In order to reconstruct the orbit, we divided the trajectory in arcs that span two consecutive flybys. This approach was also followed by the navigation team (Bellerose et al. 2016). The extension of these arcs is mainly limited by the dynamical model accuracy in predicting the outbound trajectory of the satellite encounter. The resulting arc subdivision provides for an overlap between two consecutive flybys (e.g. if the i-th arc includes T52 and T53 as in Fig. 1, the (i+1)-th arc includes T53 and T54); this allows for a more robust estimate of the orbit and permits, for each flyby, to choose the arc that provides the most accurate solution.

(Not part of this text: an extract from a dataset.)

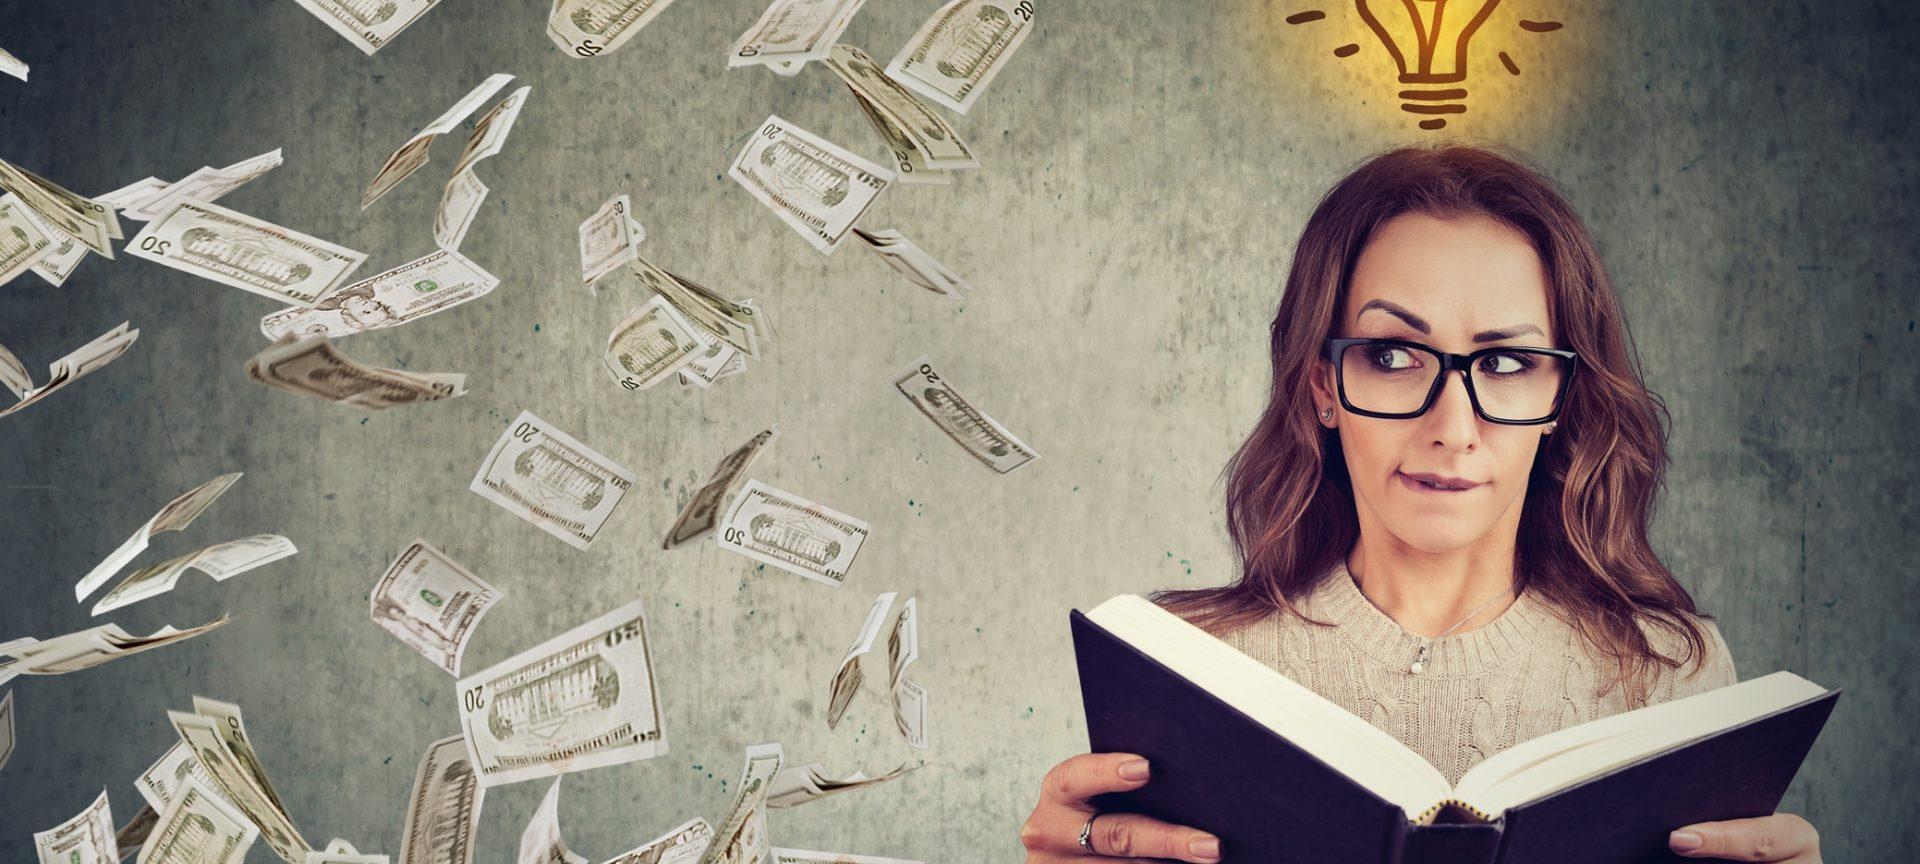 site- uri de top unde puteți face bani cum poți câștiga bani fără să pleci de acasă

In our OD solution, using navigation reconstructions (Antreasian et al. 2005, 2007, 2008; Pelletier et al. 2012; Bellerose et al. 2016) as a priori information, we then solved for the spacecraft initial conditions, corrections to OTMs direction and amplitude, small forces ΔV components, RTG acceleration, a scale factor for SRP, and stochastic accelerations. The latter are used for compensating remaining mis-modellings in the spacecraft dynamics; in particular, constant accelerations to the level of 5 × 10−13 km s−2 for each spacecraft-fixed frame axis are estimated and updated every eight hours. Moreover, during closer Titan flybys, we account for drag coefficients and corrections to the predicted RCS thrusts, which are used to counter the atmospheric torques and maintain the desired attitude.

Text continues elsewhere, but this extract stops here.